It's possible that I've missed some detail — provenance and concurrency are tricky — but I suspect that is the kind of more complex scenario that needs full angelic provenance to handle.

Provenance is a hard problem, so I'm probably missing something here

Posted Oct 7, 2025 19:06 UTC (Tue) by comex (subscriber, #71521) [Link] (8 responses)

> To the best of my understanding, this is not the same as "angelic" provenance

"Angelic" just means that the abstract machine must pick whichever option results in defined behavior. So your proposal is a type of angelic provenance, but you're correct that it's weaker than P2434R4, the proposal linked in the article with the text "angelic provenance".

Abstractly, the reason your proposal is difficult is that under operational semantics, a pointer value *just is* an address and a provenance. It doesn't make sense for the provenance of an existing value to change any more than it would make sense for its address to change. A variable can change from one pointer value to a different pointer value, but that would require mutating it.

You might object: C's traditional lifetime-end pointer zap semantics do cause existing pointer values to change, including even the addresses! But those semantics are problematic and not really implemented faithfully.

You might object: who cares about operational semantics, it's just a model. True, but that model is becoming the basis for, e.g., LLVM IR semantics, in the ongoing, very slow attempt to put them onto firmer theoretical ground and prevent known miscompilations related to provenance. See e.g. https://bugs.llvm.org/show_bug.cgi?id=34548, the bug report about LLVM incorrectly optimizing `inttoptr(ptrtoint(x))` to `x`, which is still an issue 8 years later.

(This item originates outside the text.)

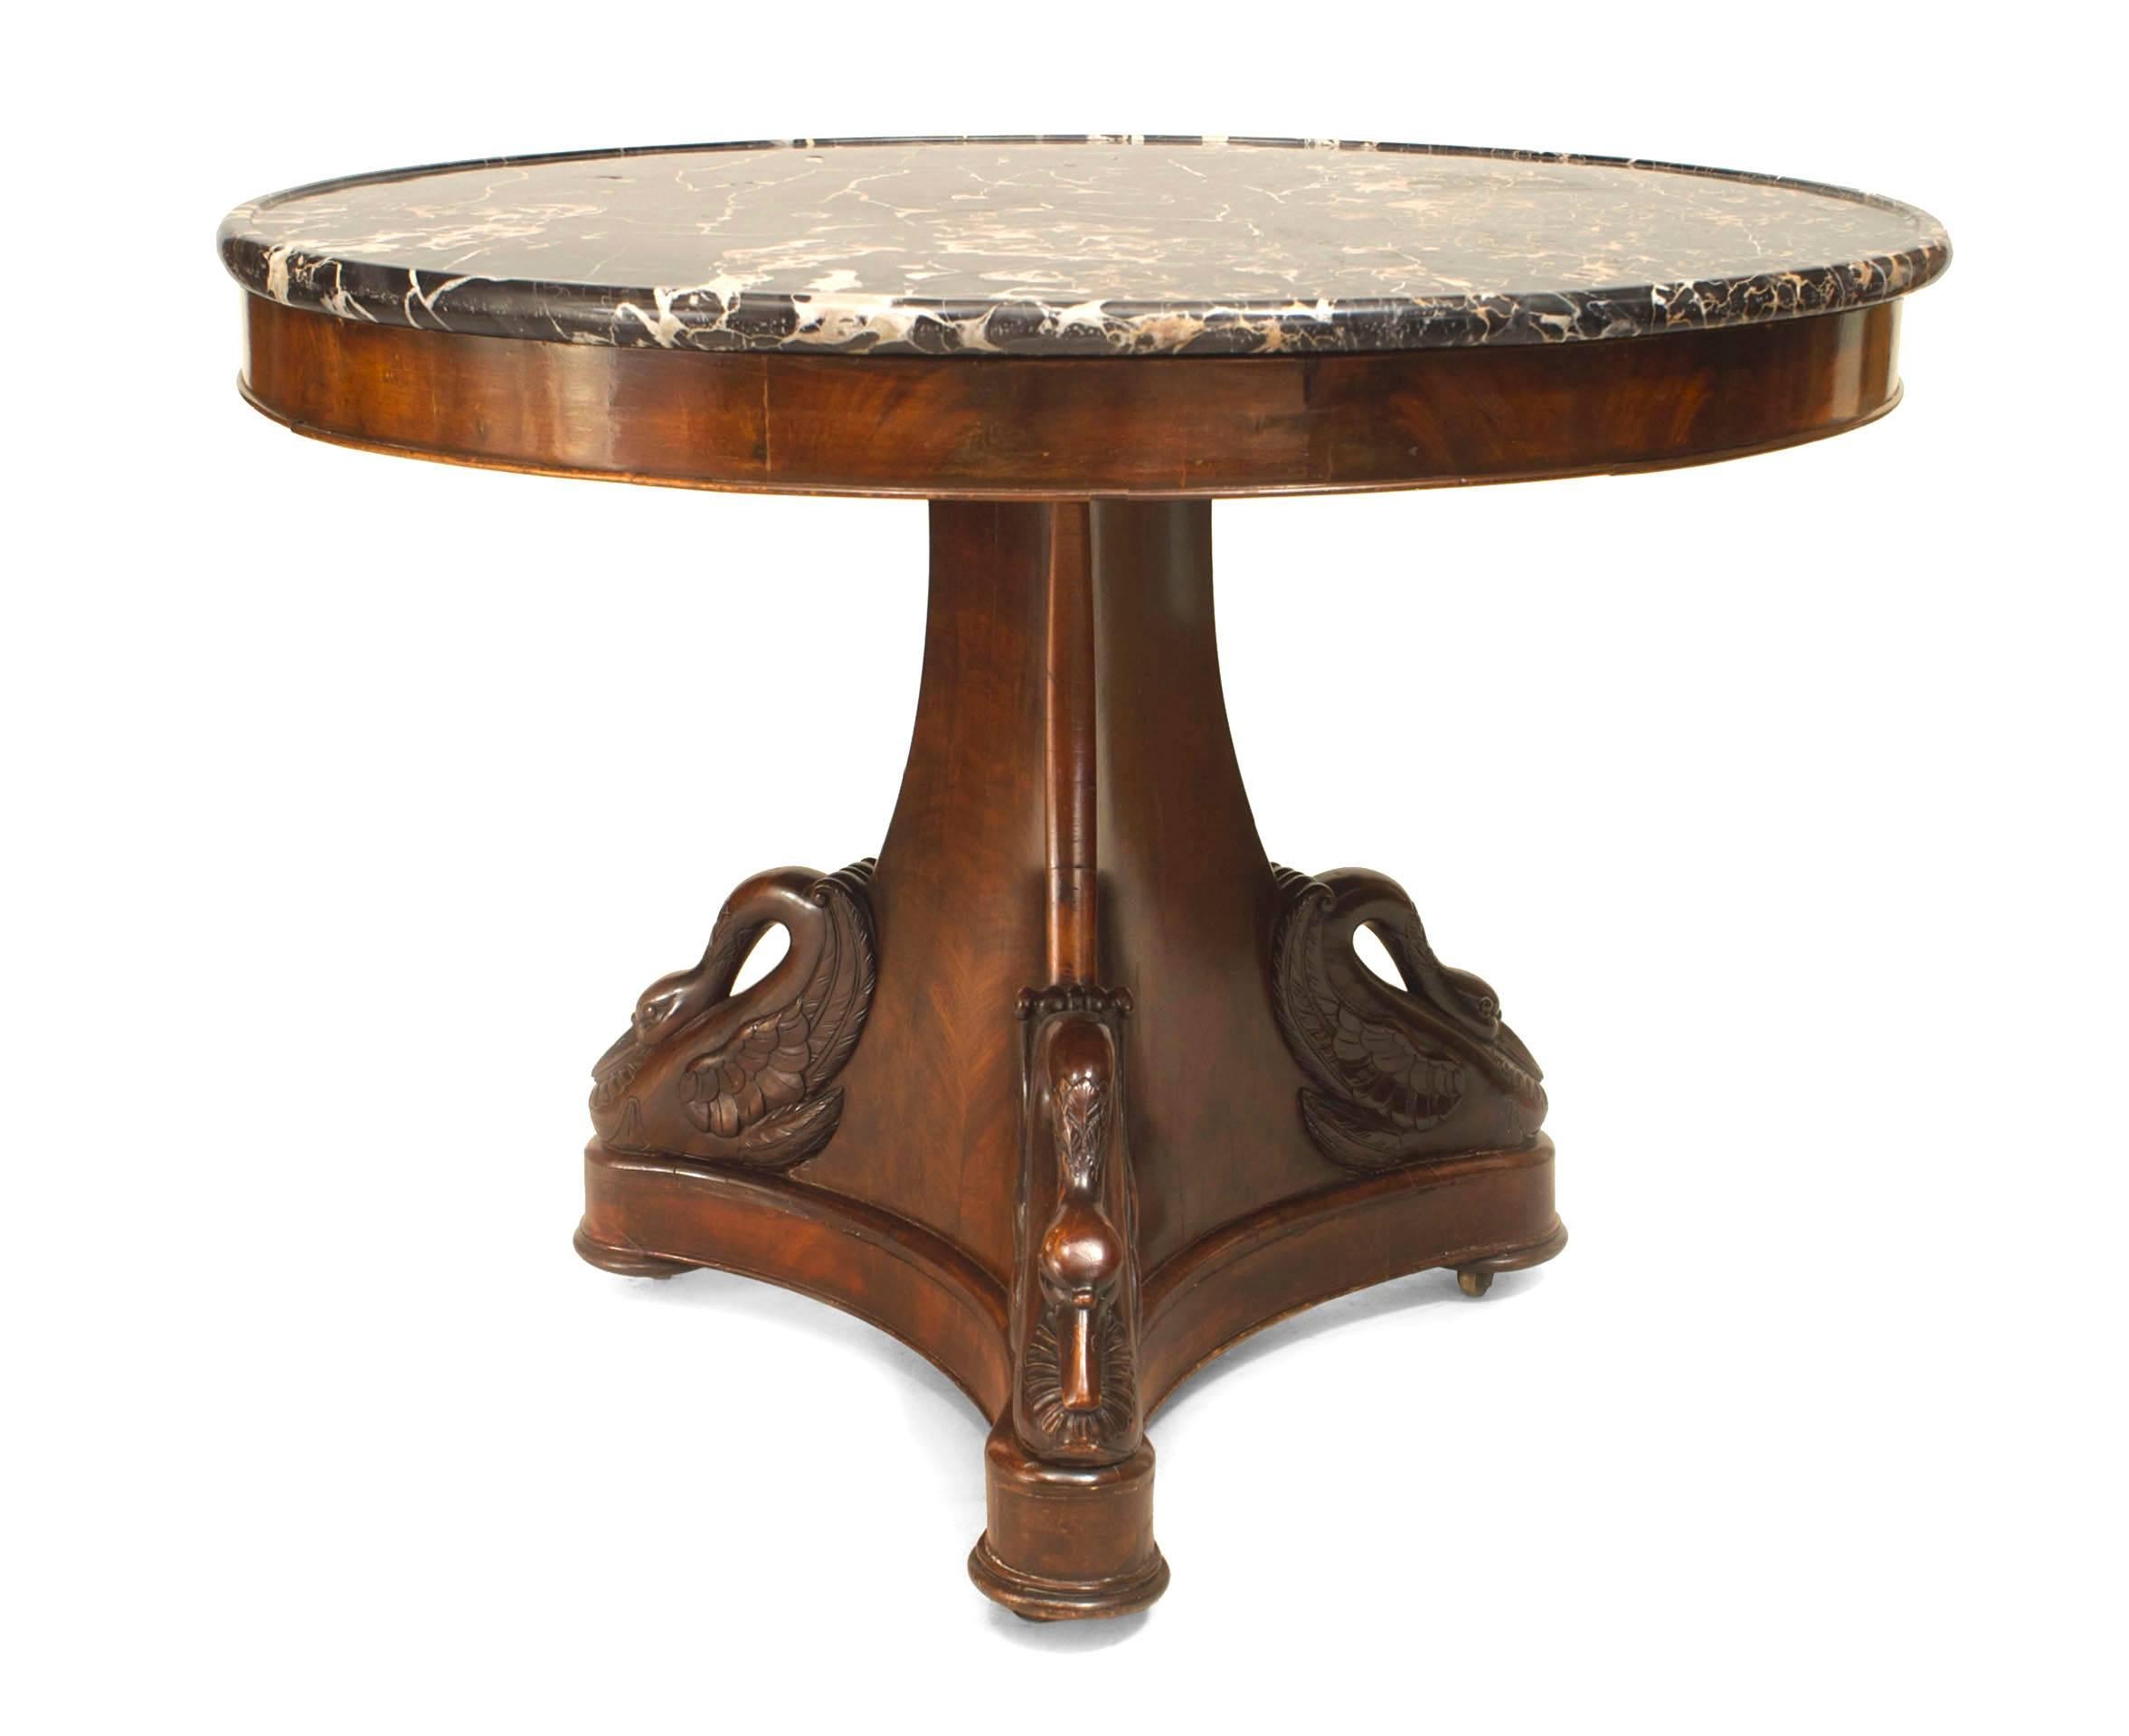 French Empire mahogany pedestal base center table with 3 carved swans on a base supporting a round black veined top with an molded edge.

Let's see if I can come up with a concrete example. Given this code:

struct Foo { virtual void bar(); };

extern void do_something_with(Foo *);

void test(Foo *foo) {
foo->bar();
do_something_with(foo);
foo->bar();
}

Naively, for each of the two virtual calls, you have to load the vtable, then load the function pointer from the vtable. But Clang with `-fstrict-vtable-pointers` will optimize `test` to only load the function pointer once, then reuse it for the second call. This is because an object's vtable can't change during its lifetime.

But what if `do_something_with` frees `foo` and creates a new object that happens to end up at the same address? Then the new object might have a different vtable. The only reason the optimization is still valid is that using the `foo` pointer to access that new object would be undefined behavior, due to `foo`'s provenance being incompatible with the new object. The compiler can't see the body of `do_something_with`, so it has to rely on the fact that *any* attempt to free and reallocate the object would *necessarily* result in incompatible provenance.

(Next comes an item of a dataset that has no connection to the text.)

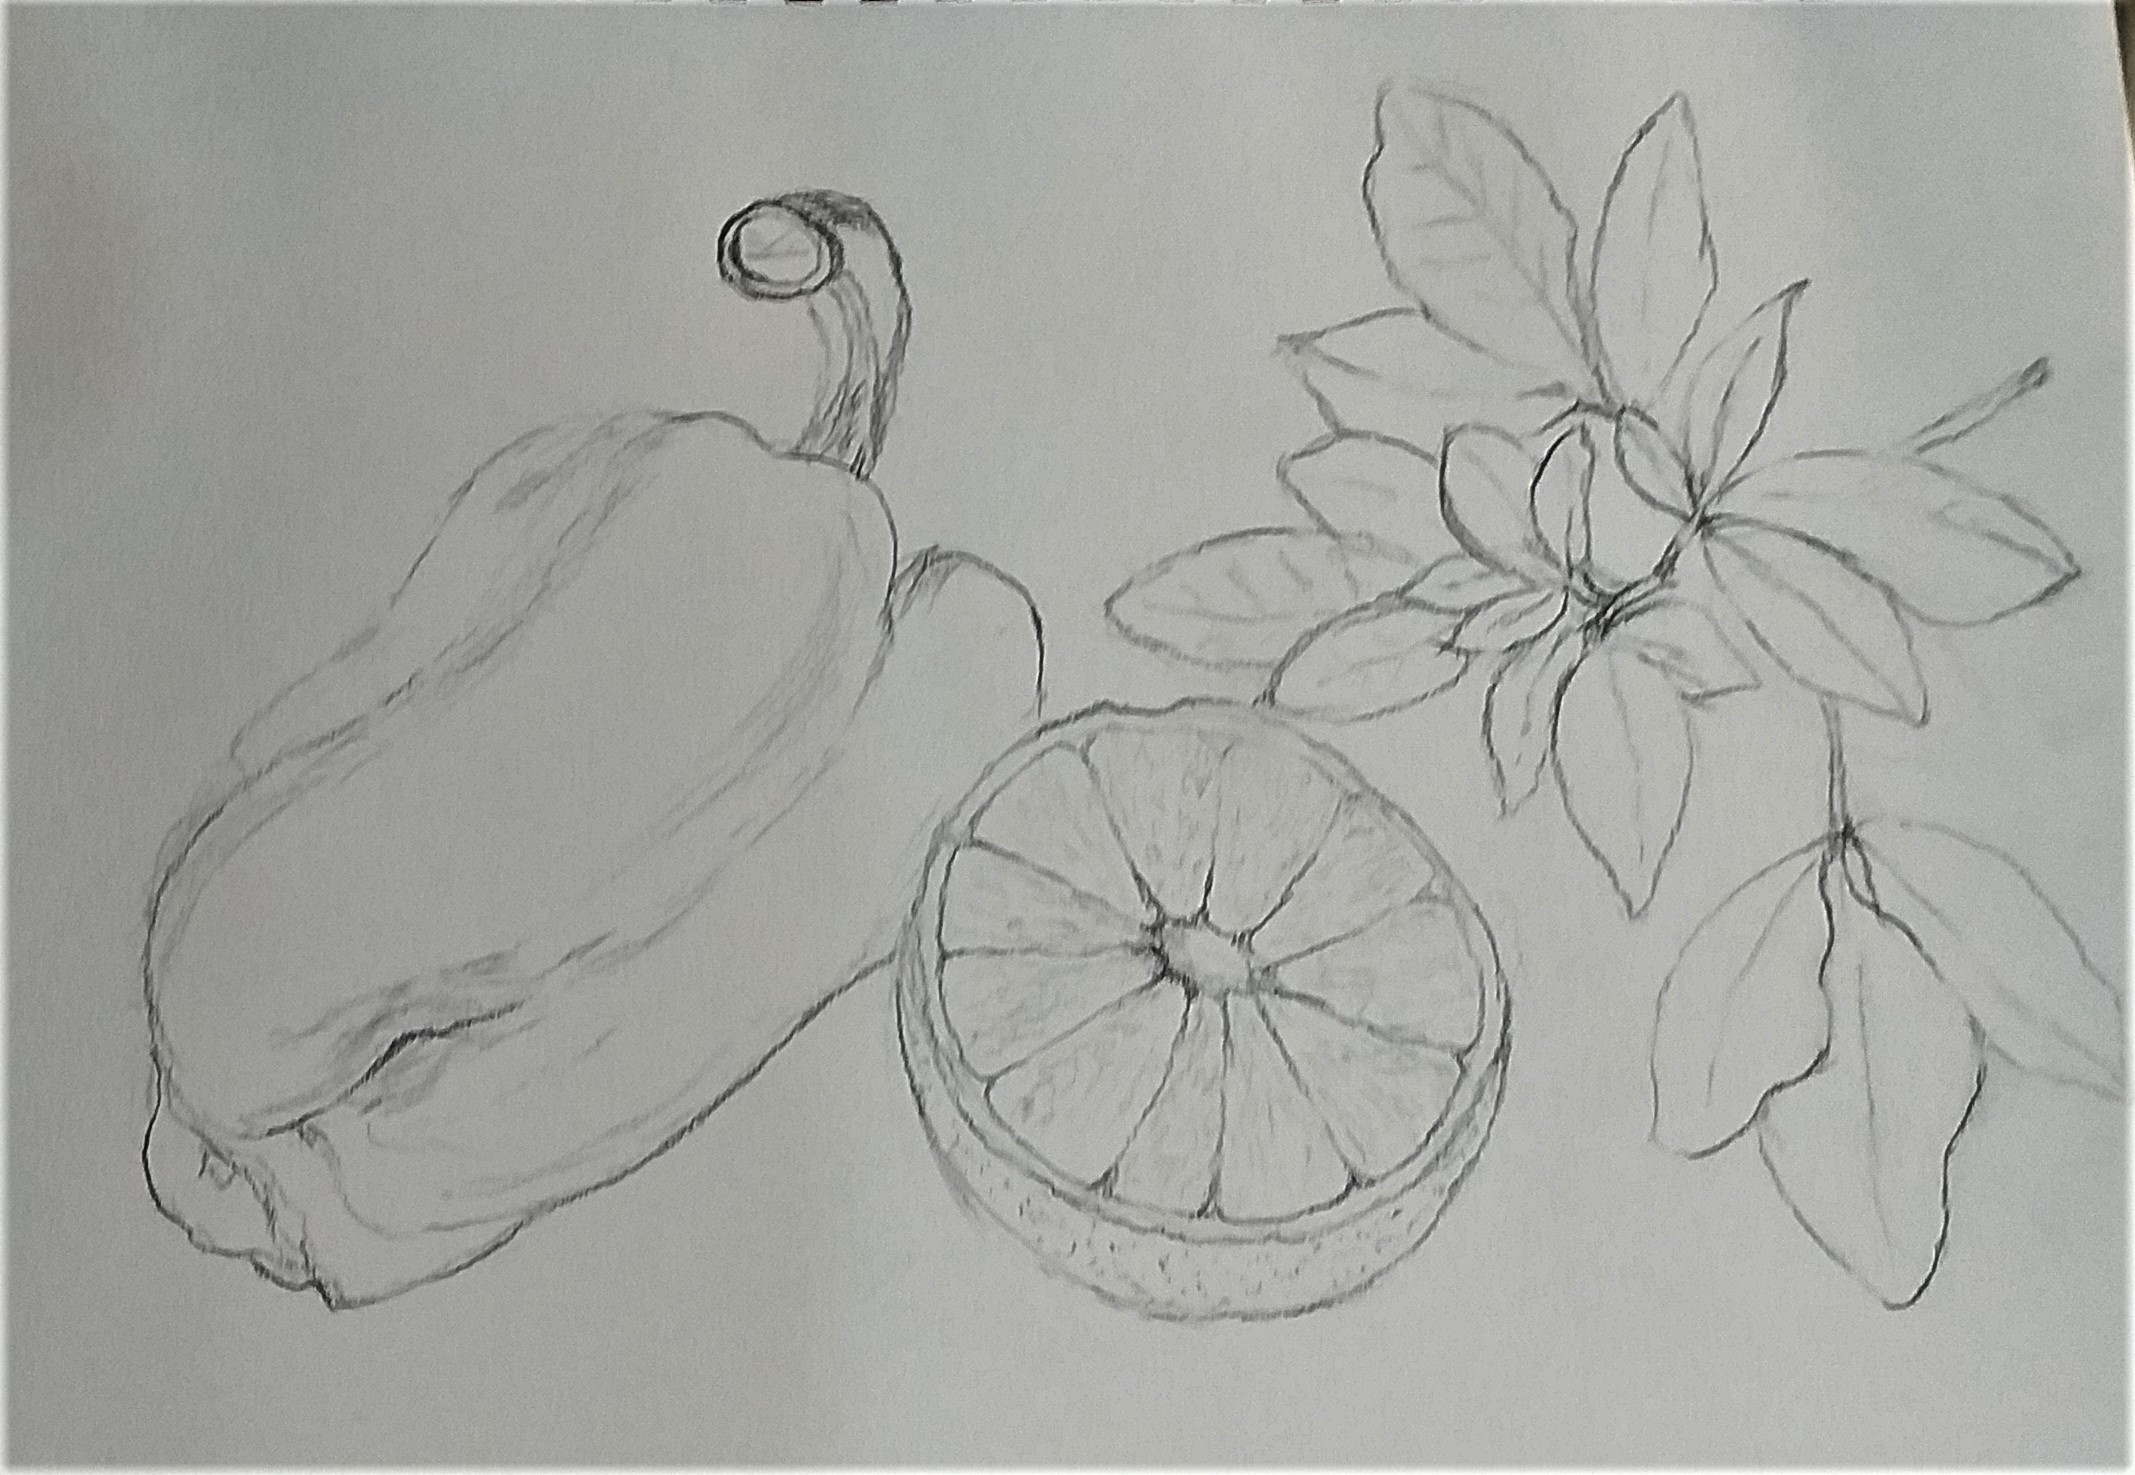  Karen's drawing of natural forms produced at Raya's Art course in Kidderminster

However, under your rule, `do_something_with` could do a compare-and-swap operation to change the provenance, and the updated provenance would propagate back through all copies of the pointer, including `foo`. So the optimization would no longer be valid. Or if you wanted to keep it valid, you would have to define a rule for *why* the updated provenance doesn't propagate all the way back to `foo`, which might in turn cause problems for inlining or whatever.

To be fair, the value of this vtable optimization seems uncertain; I imagine the reason Clang keeps it behind a flag (for now) is that it breaks some real codebases. There are probably better examples involving different optimizations. I can think of some other ideas but they tend to involve code that's less realistic.

(Sidenote: Although I'm focusing on the case of freeing and reallocating, there is also the case of calling the destructor and then placement-new-ing a different object at the same pointer. If you do that, then you're supposed to call `std::launder` on the pointer, new in C++17. This is a form of provenance too, but one I'm less familiar with since it has no Rust equivalent.)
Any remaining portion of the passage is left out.